* WHAT YOU SHOULD DO
Pictures in the data should be dropped; transcribe exactly the lines from the one that has "Halo Multi-way Swaddle (Clouds)" through the one that has "Will Air on NBC".

* DATA PROVIDED
------------------------------------

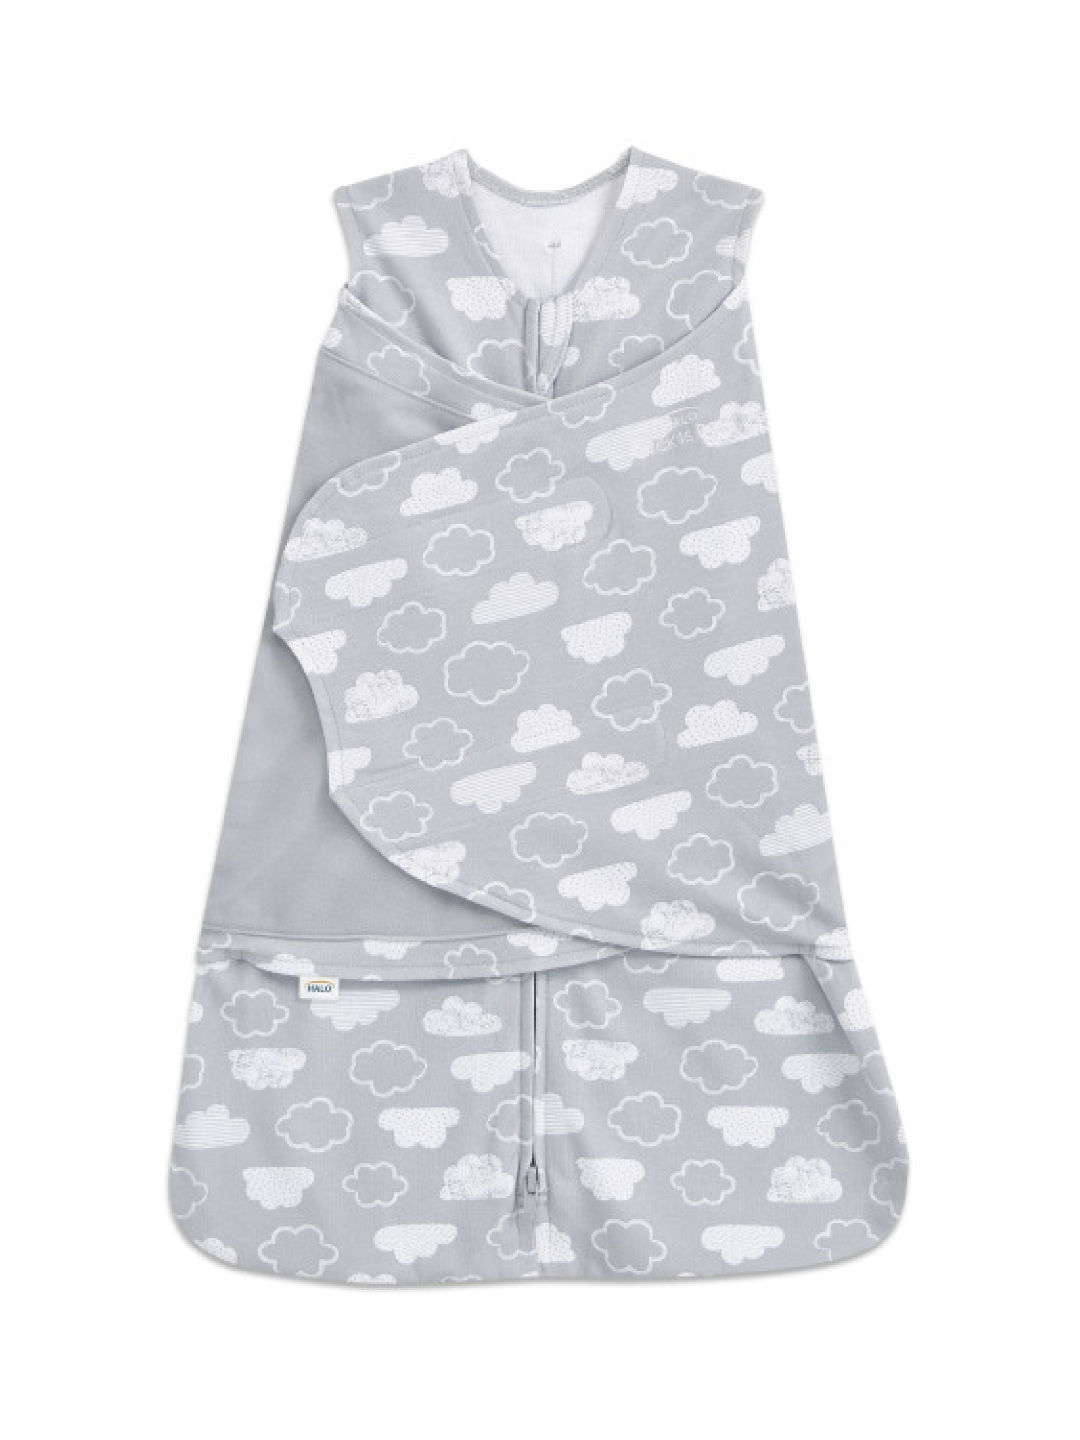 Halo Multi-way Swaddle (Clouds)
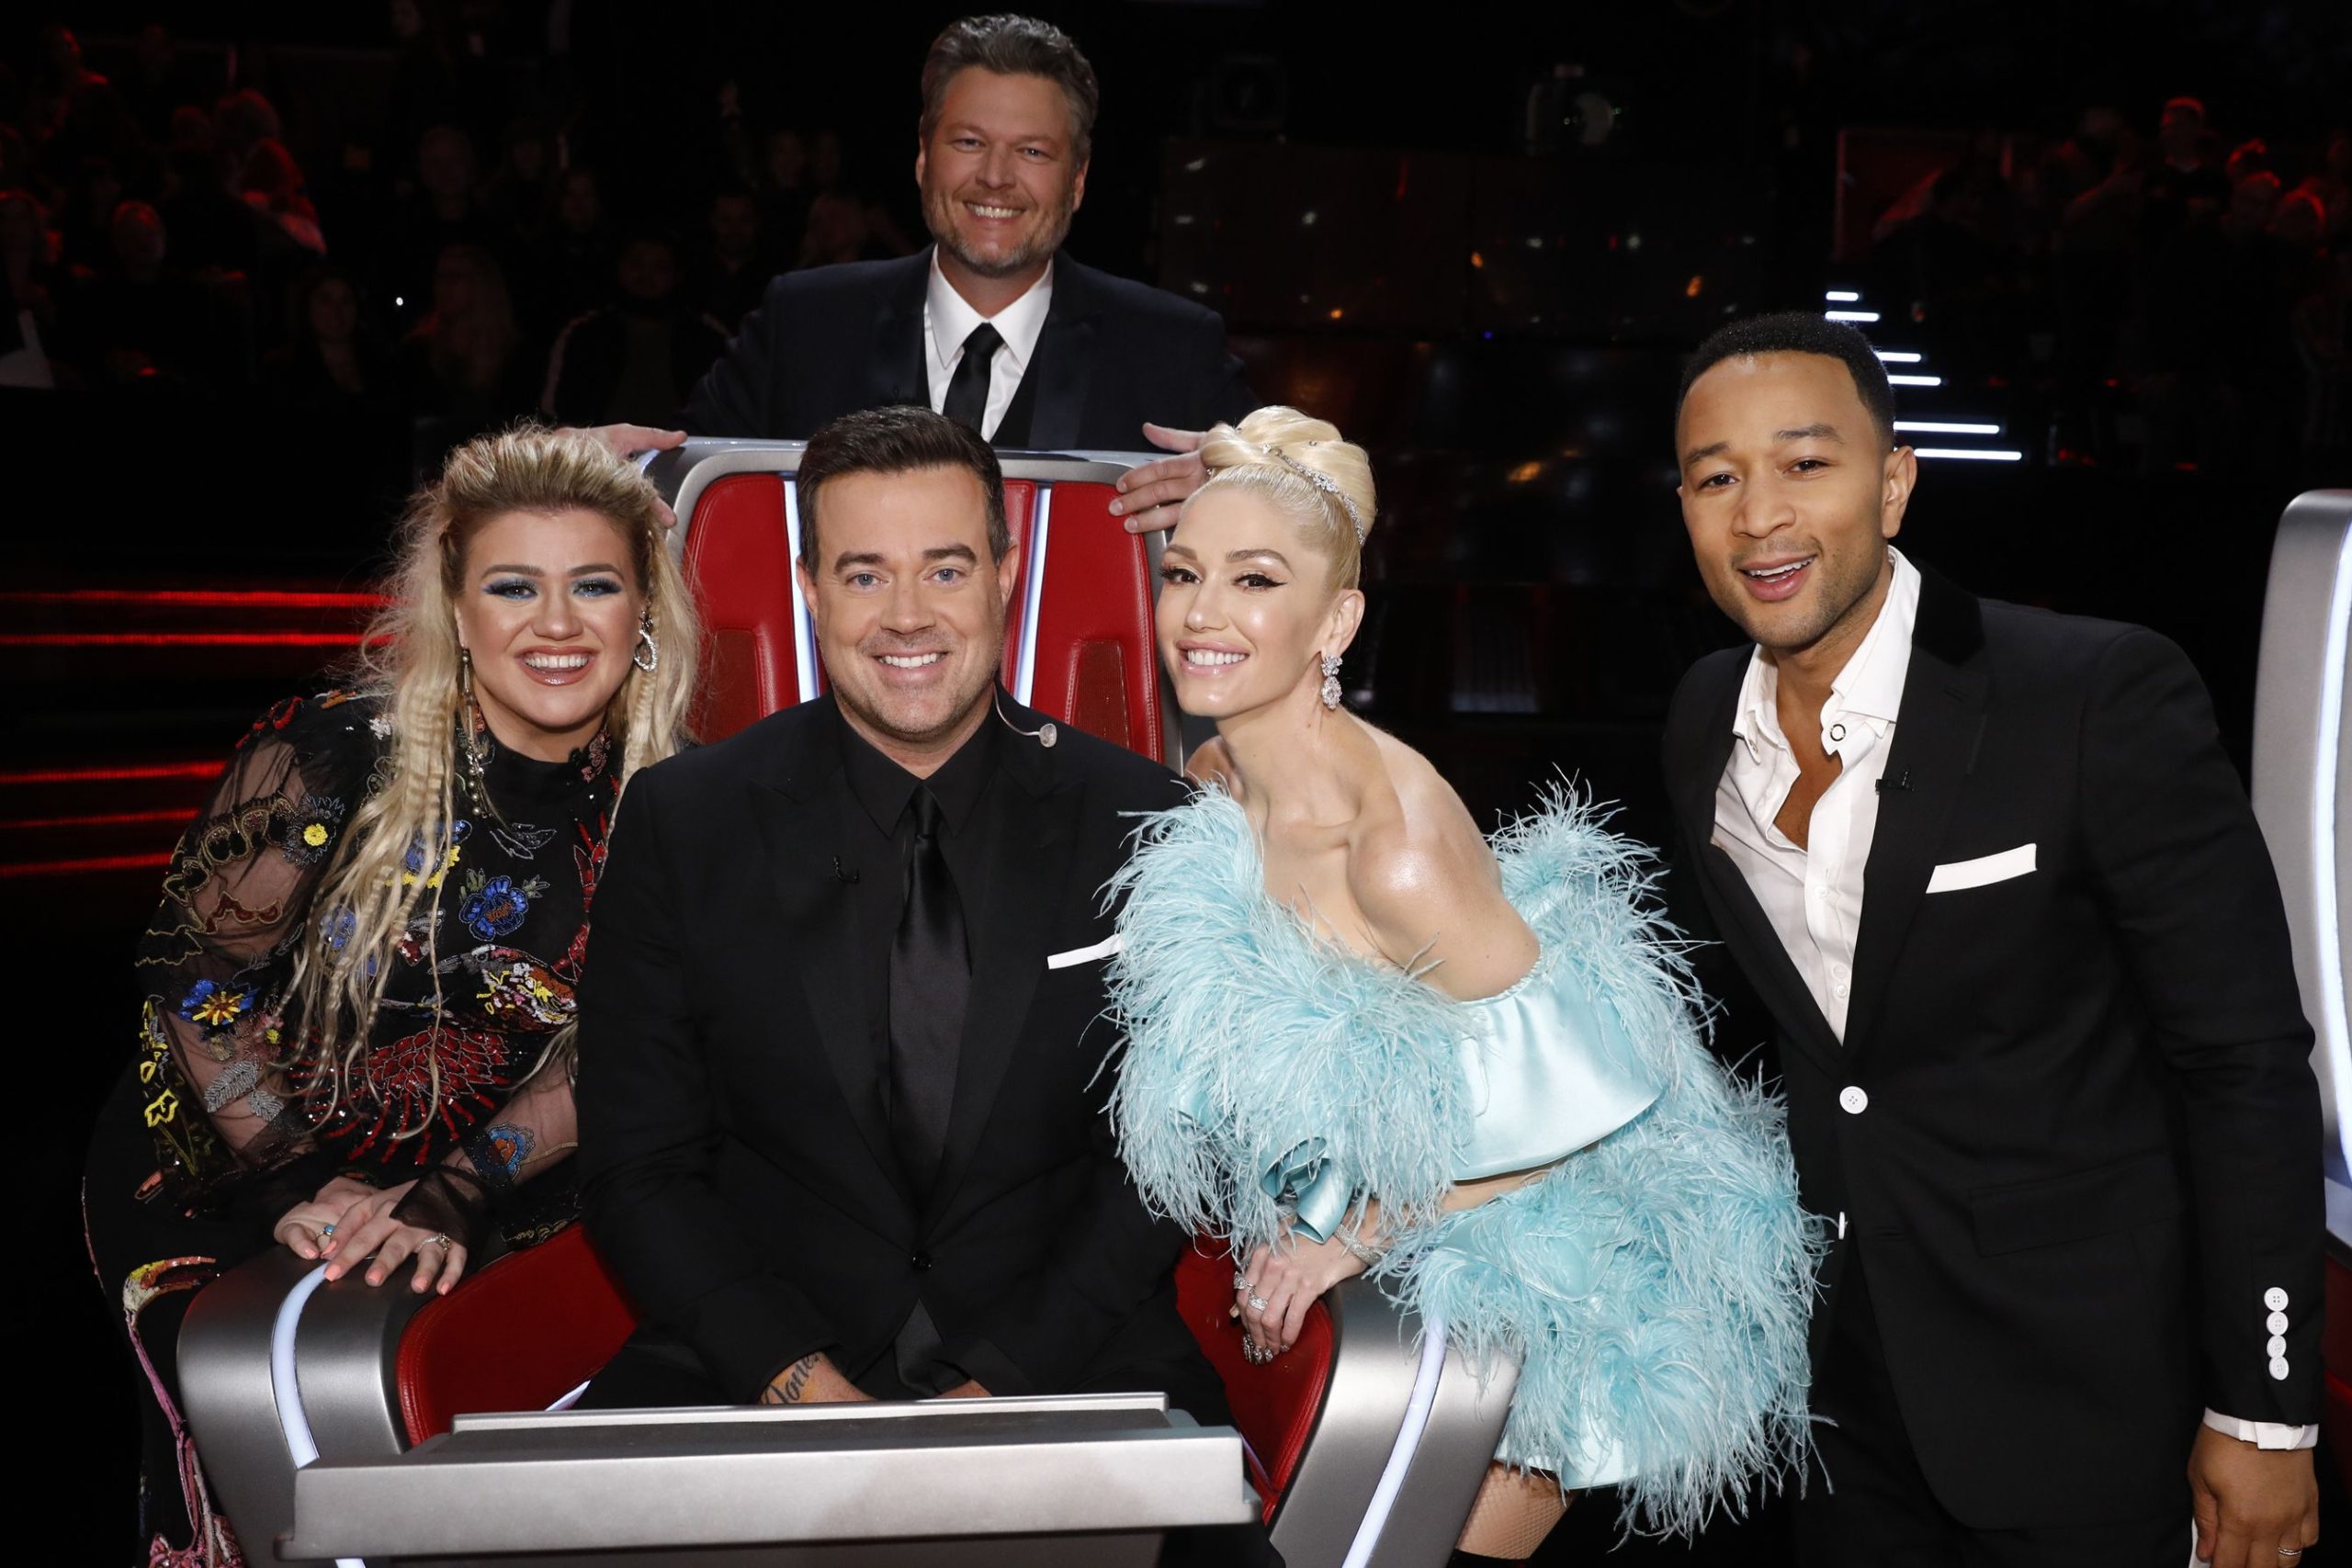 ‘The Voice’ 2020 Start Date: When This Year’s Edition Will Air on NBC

------------------------------------

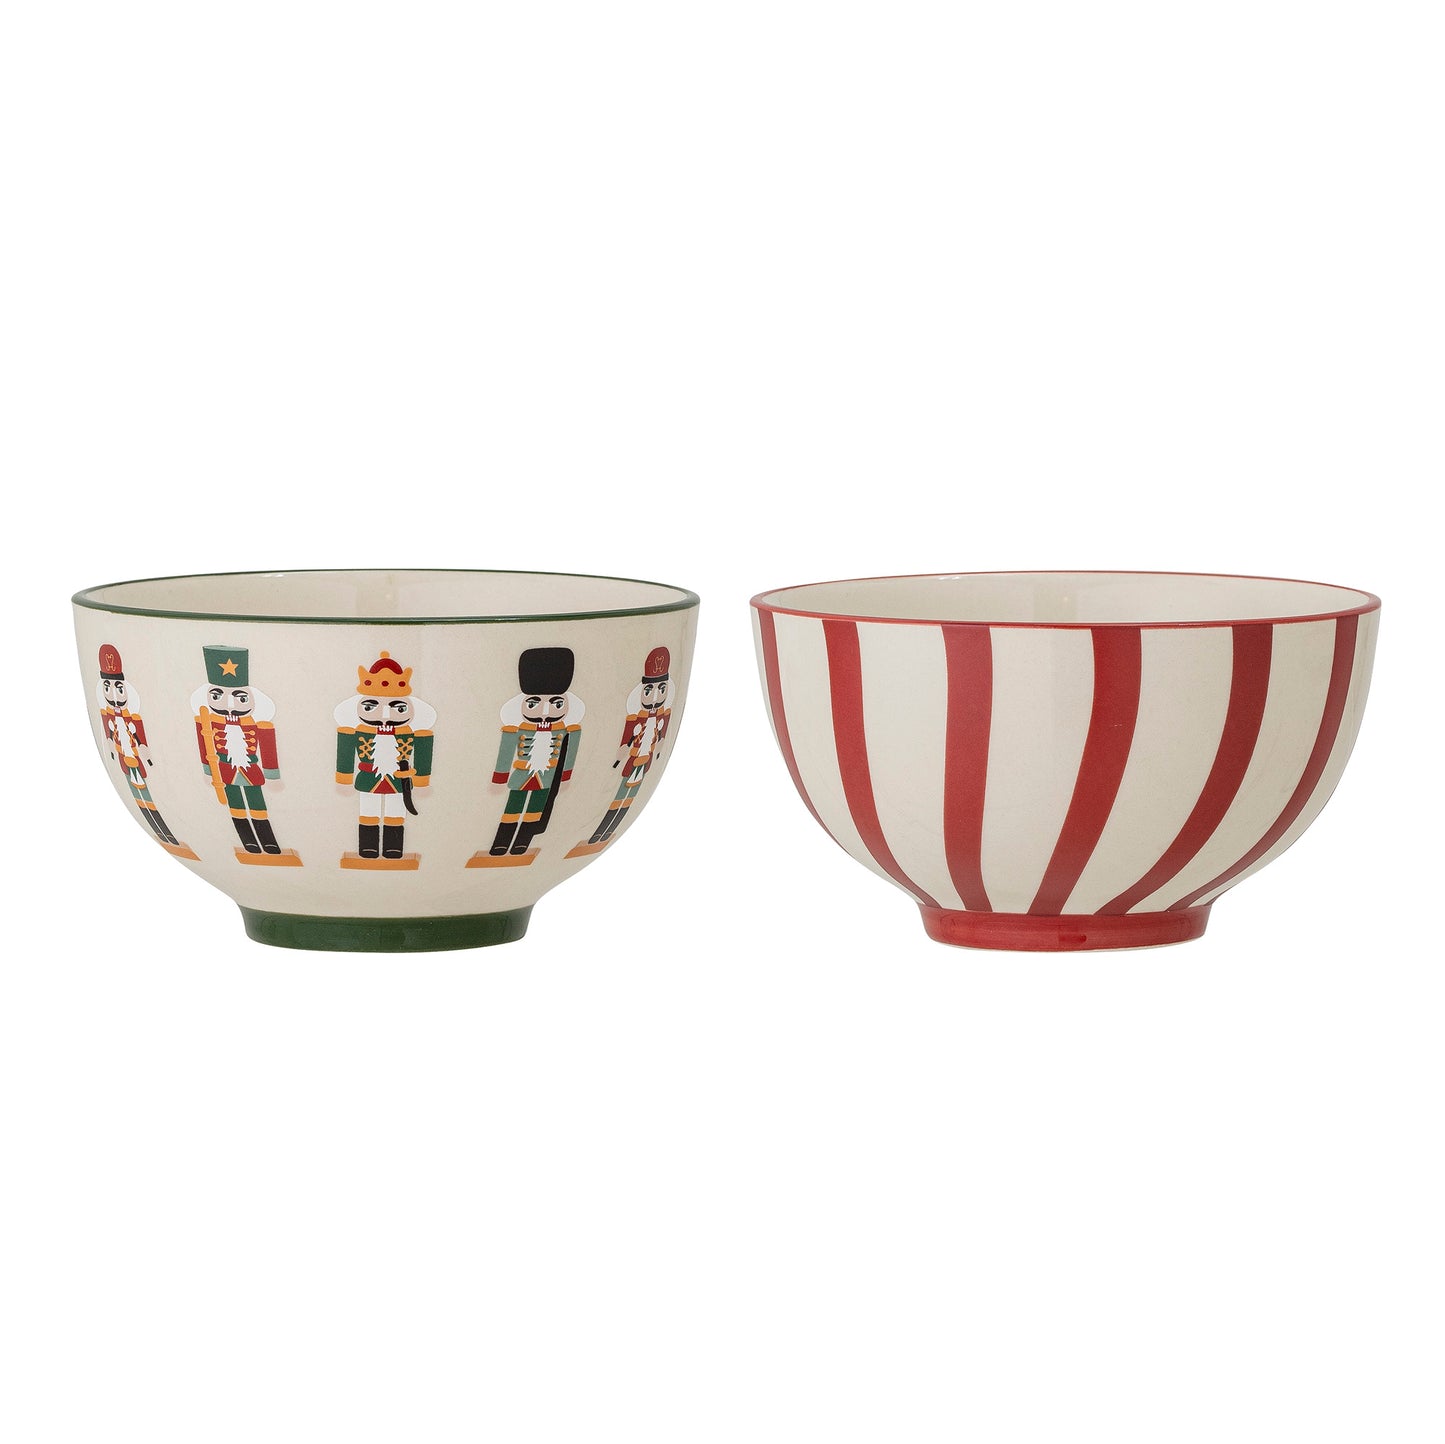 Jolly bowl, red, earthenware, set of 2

------------------------------------

* ANSWER SPACE
 Halo Multi-way Swaddle (Clouds)
 ‘The Voice’ 2020 Start Date: When This Year’s Edition Will Air on NBC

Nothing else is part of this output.